R7BP acts to stimulate the GAP activity of R7 RGS proteins. A, GTPase activities in transgenic rod outer segments. Single-turnover GTPase activities of transducin in ROS preparations from wild-type, R9AP^−/−, and R7BP(RhoCT)::R9AP^−/− transgenic animals were measured as described in Materials and Methods. B, The rate constants of transducin GTPase activity were determined by exponential fits of the data presented in A and plotted as bars. The resulting k_app values were 0.078 ± 0.007 s⁻¹ for wild-type, 0.040 ± 0.002 s⁻¹ for R9AP^−/−, and 0.050 ± 0.001 s⁻¹ for R7BP(RhoCT)::R9AP^−/−. C, Effects of recombinant R7BP on RGS7·Gβ5-stimulated GTPase activity of lipid-modified Gα_o. Single-turnover GTPase activity of recombinant Gα_o was measured by single-turnover assays.

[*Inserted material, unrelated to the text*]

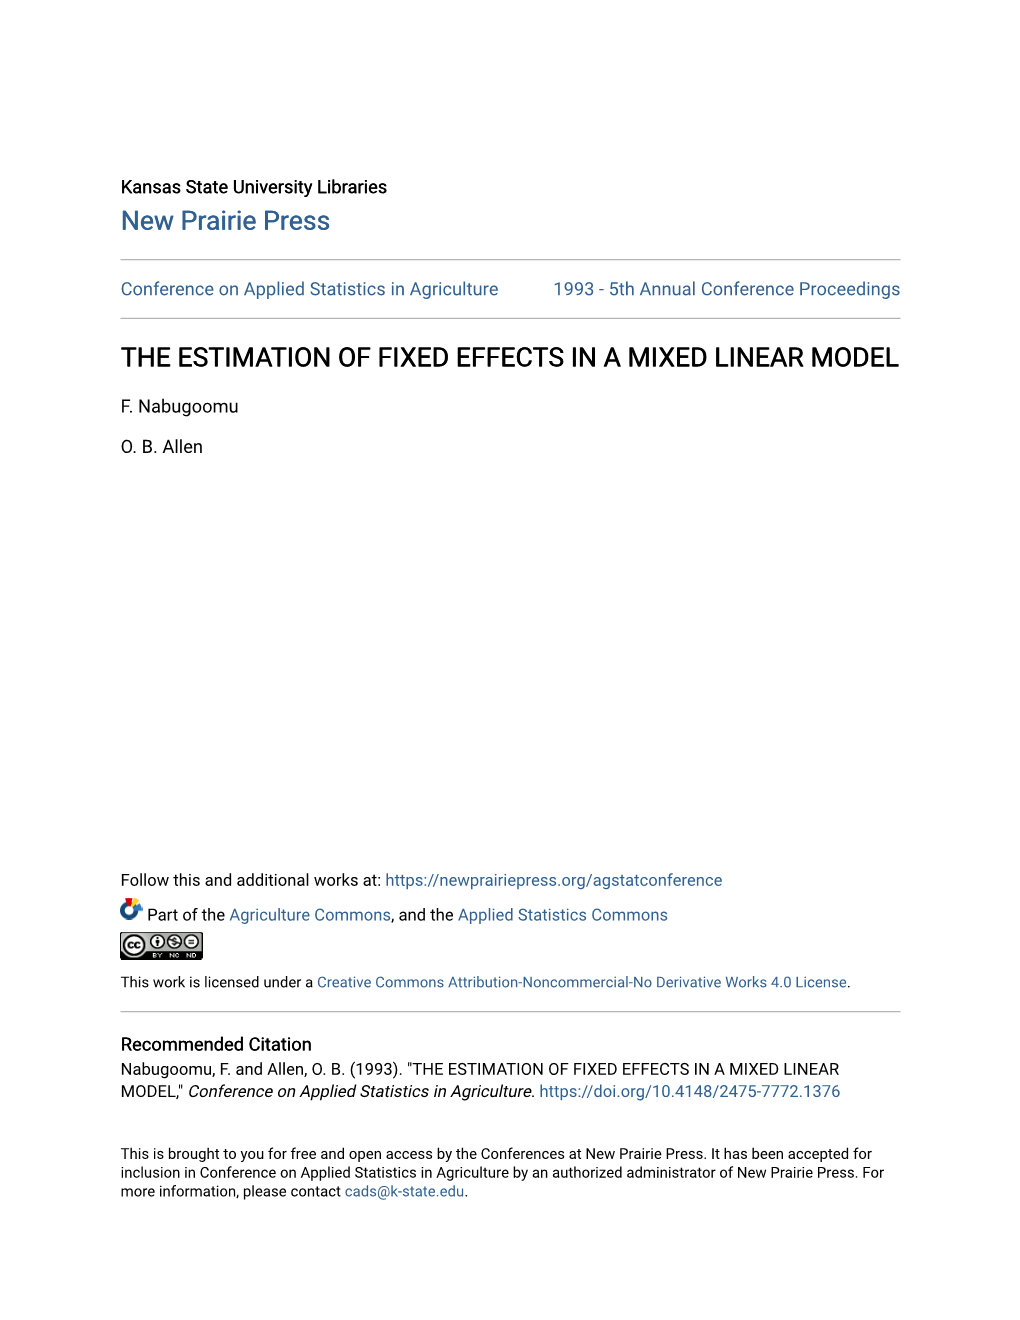 The Estimation of Fixed Effects in a Mixed Linear Model

Intrinsic GTPase activities of Gα_o in the presence of either empty Sf9 cell membranes or membranes expressing R7BP(R9APCT) were indistinguishable. However, when the reaction was supplemented with RGS7·Gβ5, GTPase activity was higher with the addition of the R7BP-containing membranes. Data were fitted with single exponents to derive the apparent rate constants (k_app). The k_GAP values were obtained by subtracting the rates of the intrinsic GTPase activity of Gαo observed in the absence of RGS proteins and plotted in D. Error bars are means ± SEM.